Court Opinion

ID: 9433414
Source: CourtListenerOpinion
Date Created: 2023-08-02 23:40:05.444576+00
Date Added: 2024-06-11T17:23:41.288916
License: Public Domain

Justice Scalia,
with whom Justice Ginsburg joins,
concurring.
Since ERISA was enacted in 1974, this Court has accepted certiorari in, and decided, no less than 14 cases to resolve conflicts in the Courts of Appeals regarding ERISA preemption of various sorts of state law.1 The rate of accept-*335anee, moreover, has not diminished (we have taken two more ERISA pre-emption cases so far this Term),2 suggesting that our prior decisions have not succeeded in bringing clarity to the law.
I join the Court’s opinion today because it is a fair description of our prior case law, and a fair application of the more recent of that case law. Today’s opinion is no more likely than our earlier ones, however, to bring clarity to this field— precisely because it does obeisance to all our prior cases, instead of acknowledging that the criteria set forth in some of them have in effect been abandoned. Our earlier cases sought to apply faithfully the statutory prescription that state laws are pre-empted “insofar as they . . . relate to any employee benefit plan.” Hence the many statements, repeated today, to the effect that the ERISA pre-emption provision has a “broad scope,” an “expansive sweep,” is “broadly worded,” “deliberately expansive,” and “conspicuous for its breadth.” Ante, at 324. But applying the “relate to” provision according to its terms was a project doomed to failure, since, as many a curbstone philosopher has observed, everything is related to everything else. Accord, New York State Conference of Blue Cross & Blue Shield Plans v. Travelers Ins. Co., 514 U. S. 645, 655 (1995). The statutory text provides an illusory test, unless the Court is willing to decree a *336degree of pre-emption that no sensible person could have intended — which it is not.
I think it would greatly assist our function of clarifying the law if we simply acknowledged that our first take on this statute was wrong; that the “relate to” claúse of the pre-emption provision is meant, not to set forth a test for pre-emption, but rather to identify the field in which ordinary field pre-emption applies — namely, the field of laws regulating “employee benefit plants] described in section 1003(a) of this title and not exempt under section 1003(b) of this title,” 29 U. S. C. § 1144(a). Our new approach to ERISA pre-emption is set forth in John Hancock Mut. Life Ins. Co. v. Harris Trust and Sav. Bank, 510 U. S. 86, 99 (1993): “[W]e discern no solid basis for believing that Congress, when it designed ERISA, intended fundamentally to alter traditional pre-emption analysis.” I think it accurately describes our current ERISA jurisprudence to say that we apply ordinary field pre-emption, and, of course, ordinary conflict preemption. See generally Silkwood v. Kerr-McGee Corp., 464 U. S. 238, 248 (1984) (explaining general principles of field and conflict pre-emption); Rice v. Santa Fe Elevator Corp., 331 U. S. 218, 230 (1947) (field pre-emption); Florida Lime & Avocado Growers, Inc. v. Paul, 373 U. S. 132, 142-143 (1963) (conflict pre-emption). Nothing more mysterious than that; and except as establishing that, “relates to” is irrelevant.

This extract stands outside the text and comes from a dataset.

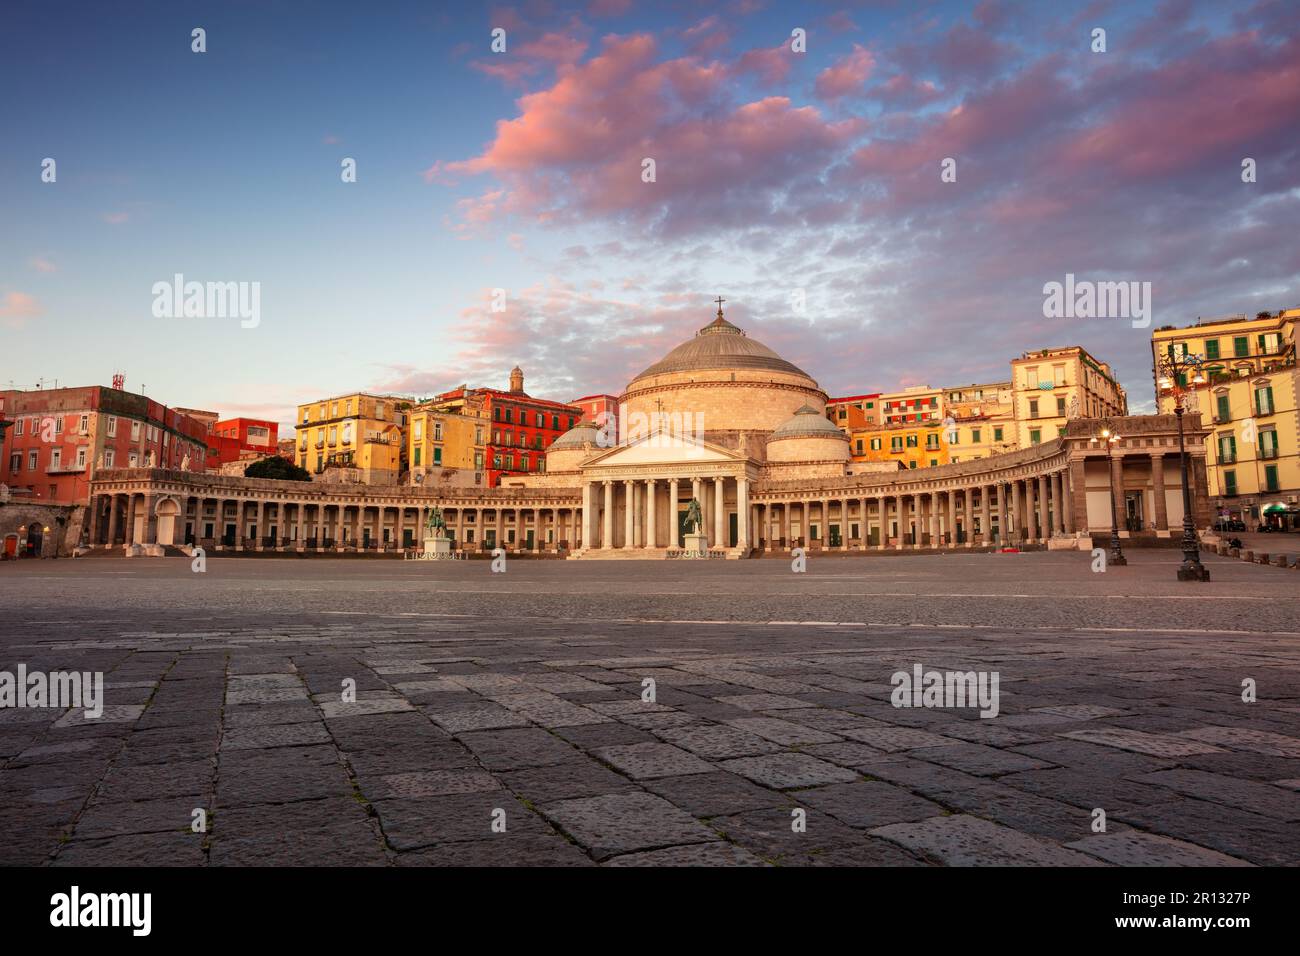 Neapel, Italien. Stadtbild von Neapel, Italien, mit Blick auf den großen öffentlichen Platz Piazza del Plebiscito bei Sonnenaufgang. Stockfoto

 In addition to the case at bar, the Court has addressed the application of ERISA’s pre-emption provision in the following eases: New York State Conference of Blue Cross & Blue Shield Plans v. Travelers Ins. Co., 514 U. S. 645 (1995); John Hancock Mut. Life Ins. Co. v. Harris Trust and Sav. *335Bank, 510 U. S. 86 (1993); District of Columbia v. Greater Washington Bd. of Trade, 506 U. S. 125 (1992); Ingersoll-Rand Co. v. McClendon, 498 U. S. 133 (1990); FMC Corp. v. Holliday, 498 U. S. 52 (1990); Massachusetts v. Morash, 490 U. S. 107 (1989); Mackey v. Lanier Collection Agency & Service, Inc., 486 U. S. 825 (1988); Fort Halifax Packing Co. v. Coyne, 482 U. S. 1 (1987); Metropolitan Life Ins. Co. v. Taylor, 481 U. S. 58 (1987); Pilot Life Ins. Co. v. Dedeaux, 481 U. S. 41 (1987); Metropolitan Life Ins. Co. v. Massachusetts, 471 U. S. 724 (1985); Shaw v. Delta Air Lines, Inc., 463 U. S. 85 (1983); and Alessi v. Raybestos-Manhattan, Inc., 451 U. S. 504 (1981).

 See Boggs v. Boggs, cert. granted, post, p. 957; De Buono v. NYSA-ILA Medical and Clinical Services Fund, cert, granted, post, p. 926.